Find "Faded yellow flowers" below and begin at its line; stop after the line with "List of Online". Output those lines exactly, without pictures.

» Material shown:
********************

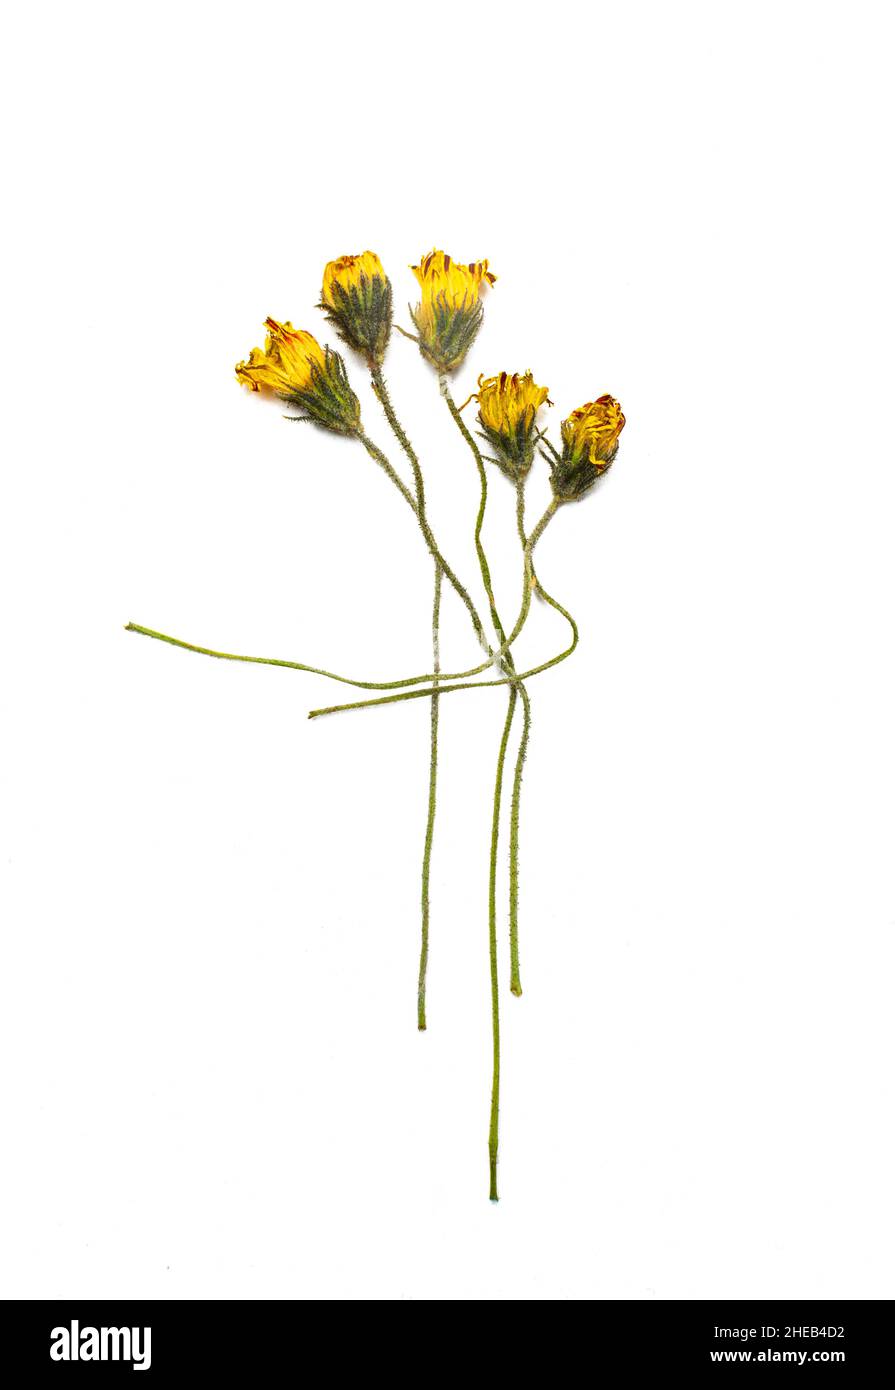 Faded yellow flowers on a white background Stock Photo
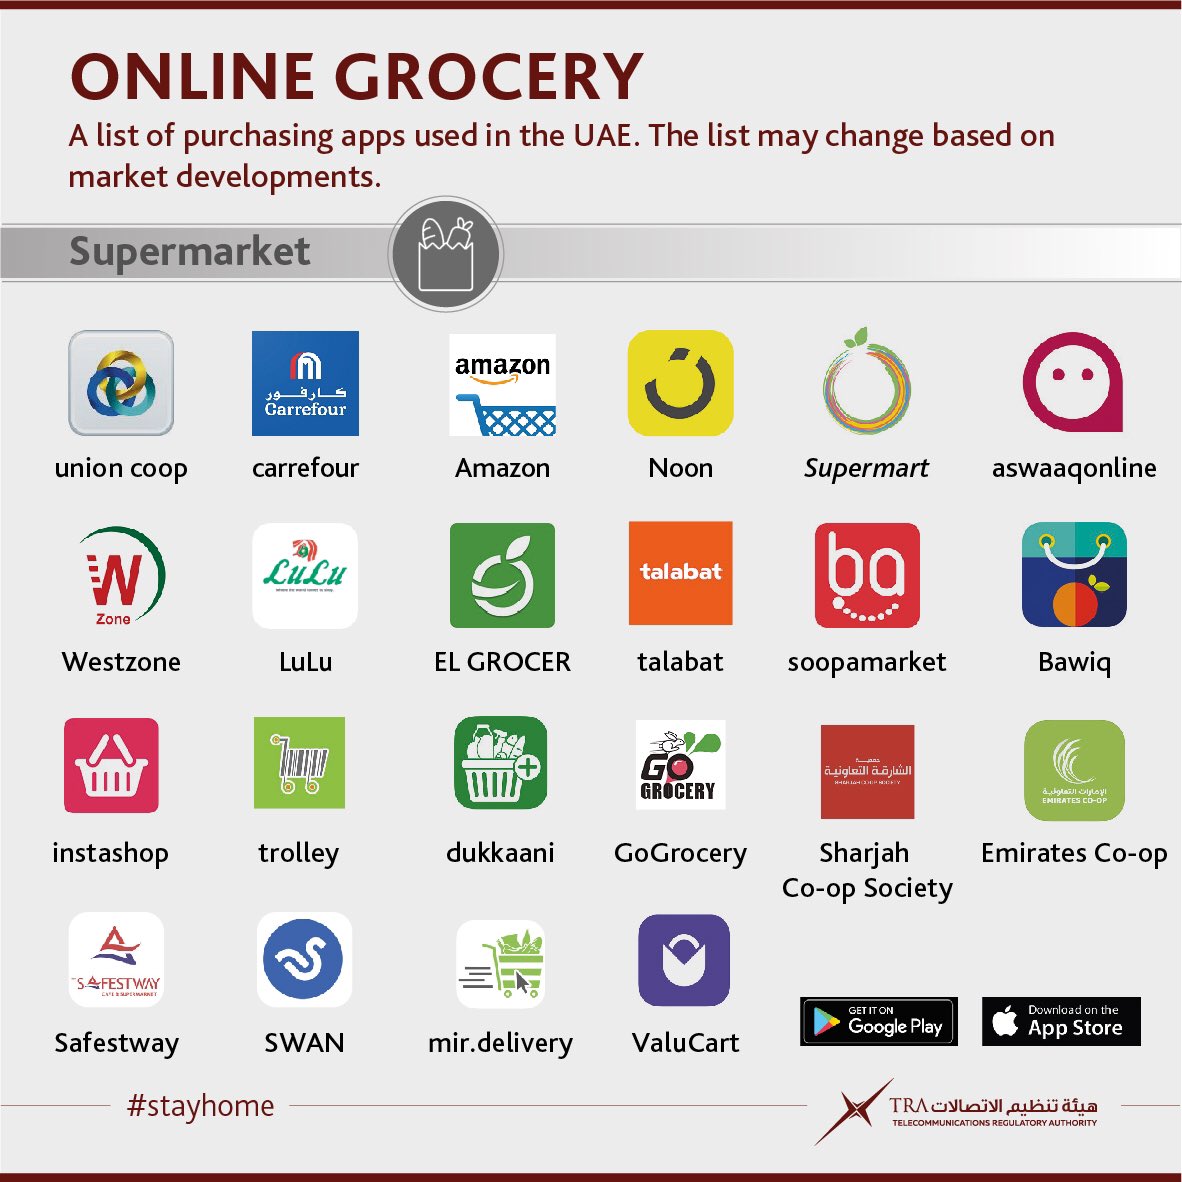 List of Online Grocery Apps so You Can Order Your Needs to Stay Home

********************

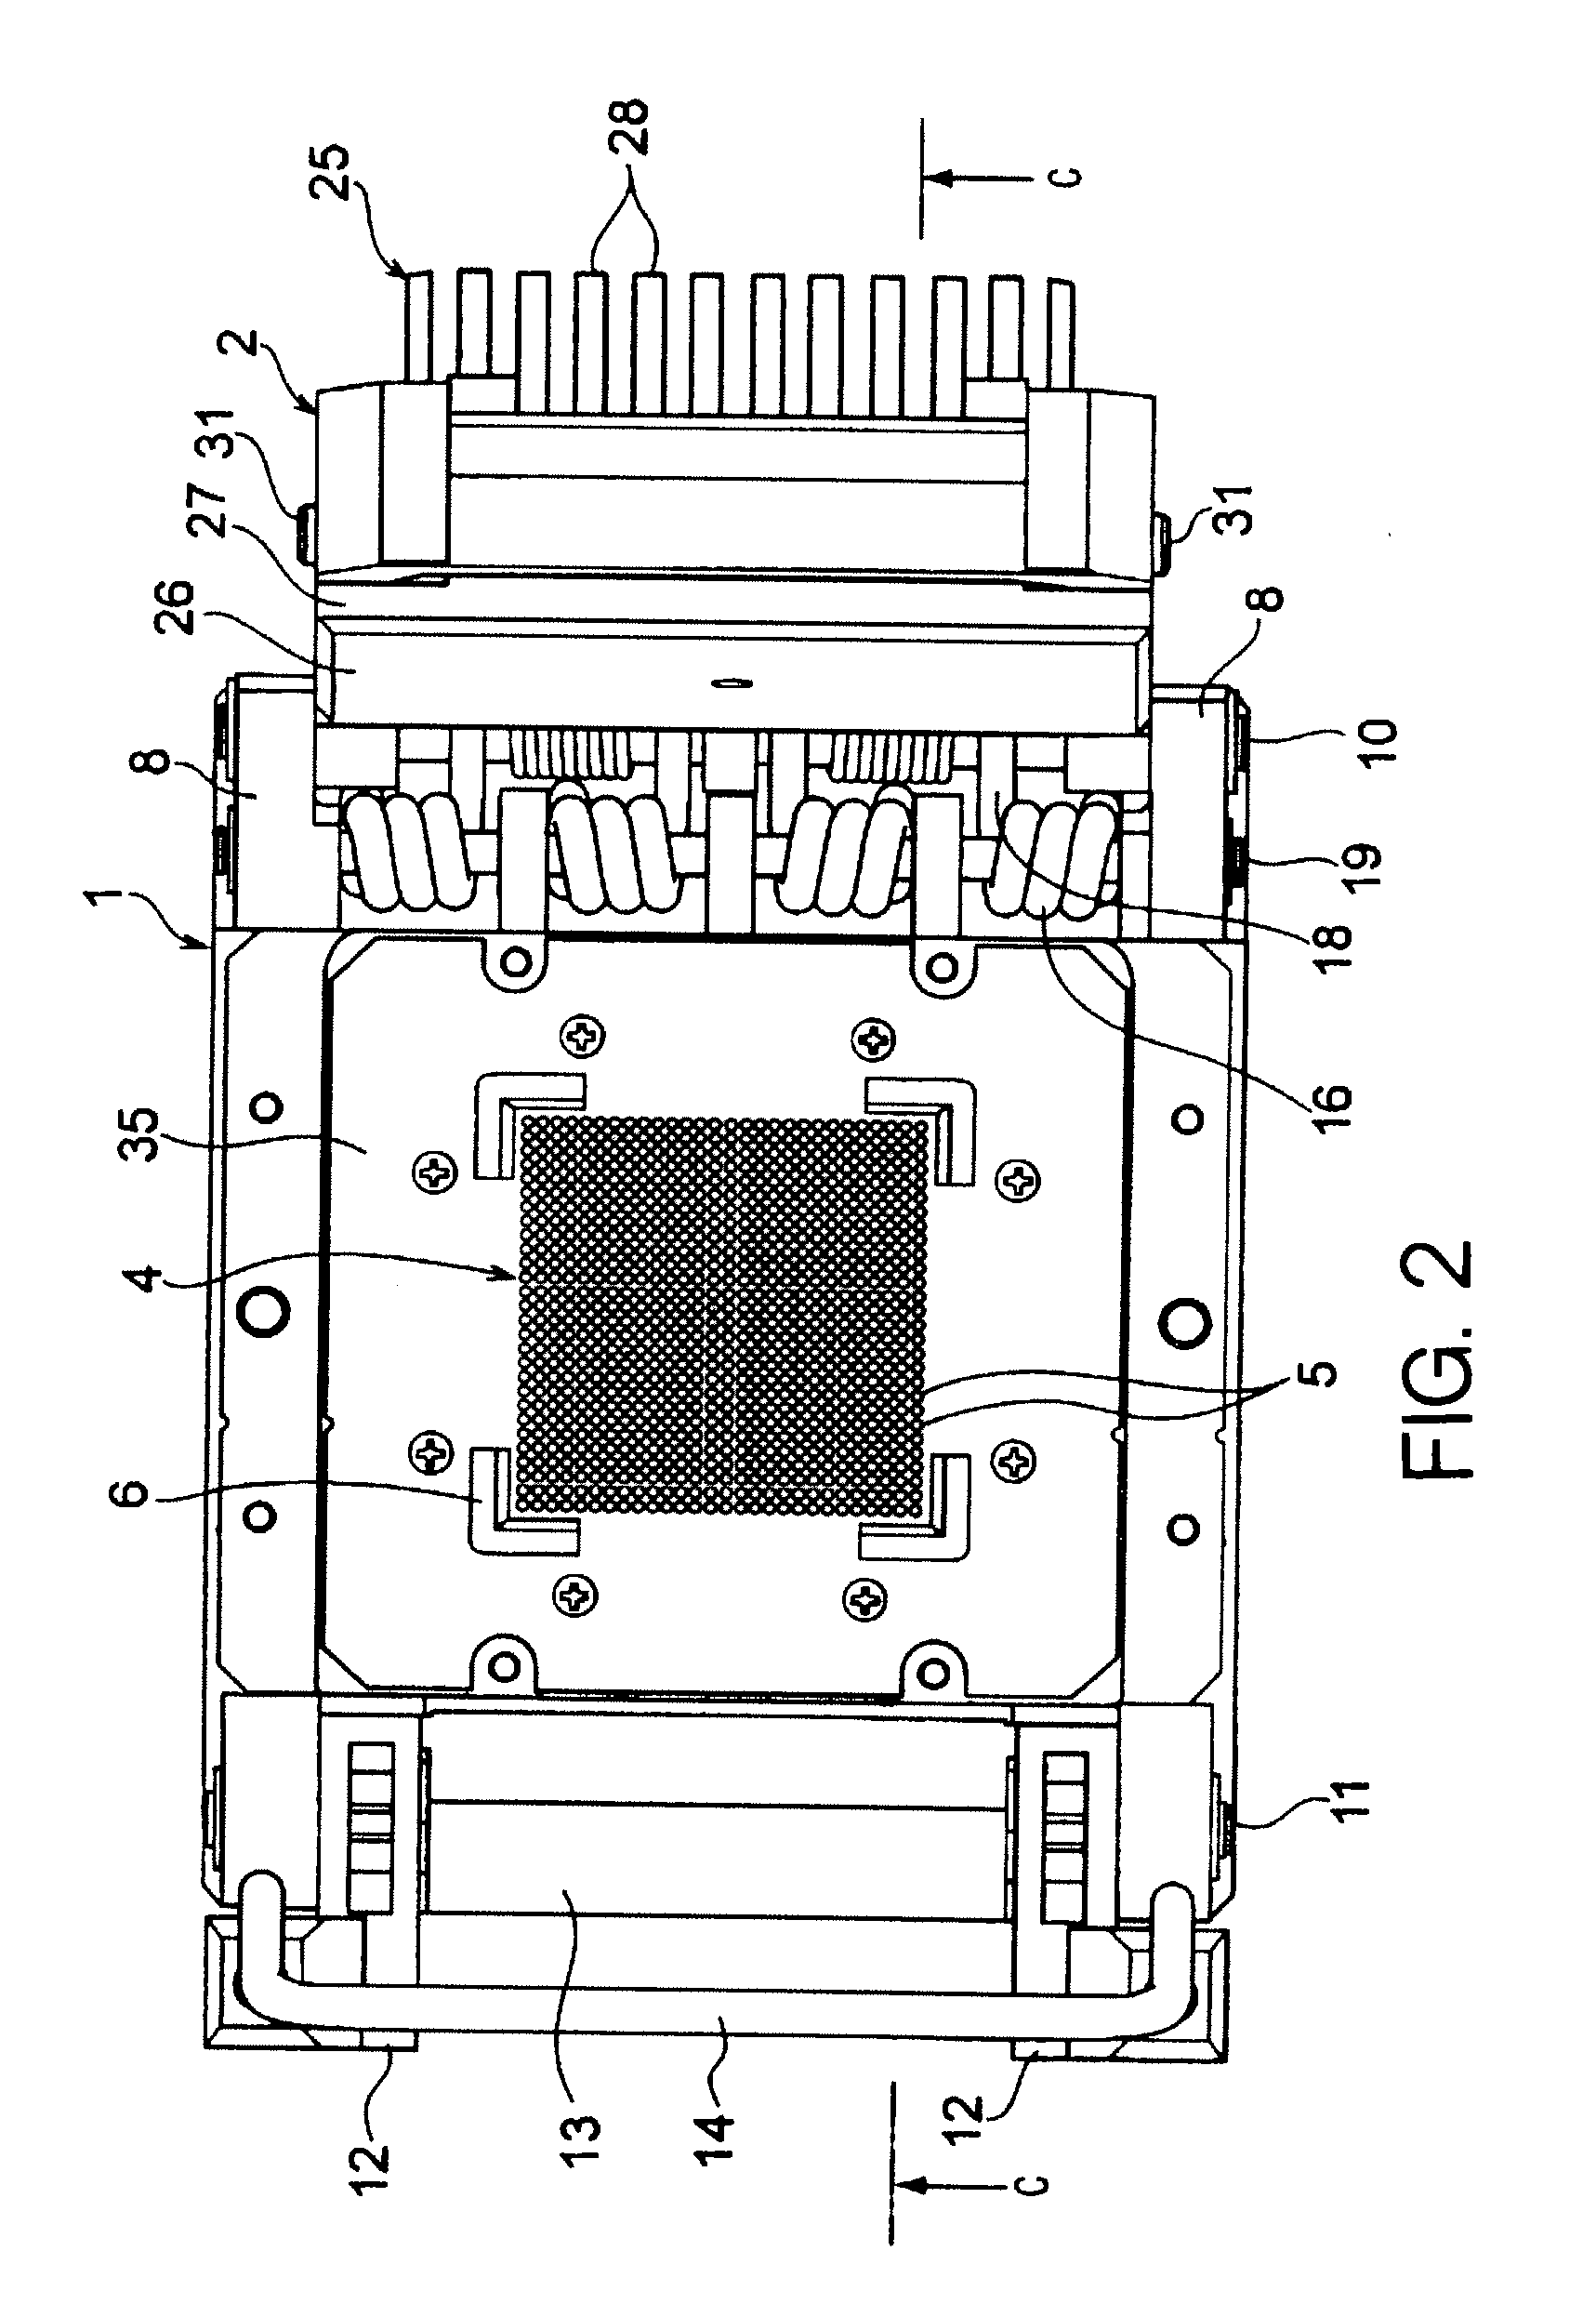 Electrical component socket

********************

» Expected answer:
 Faded yellow flowers on a white background Stock Photo
 List of Online Grocery Apps so You Can Order Your Needs to Stay Home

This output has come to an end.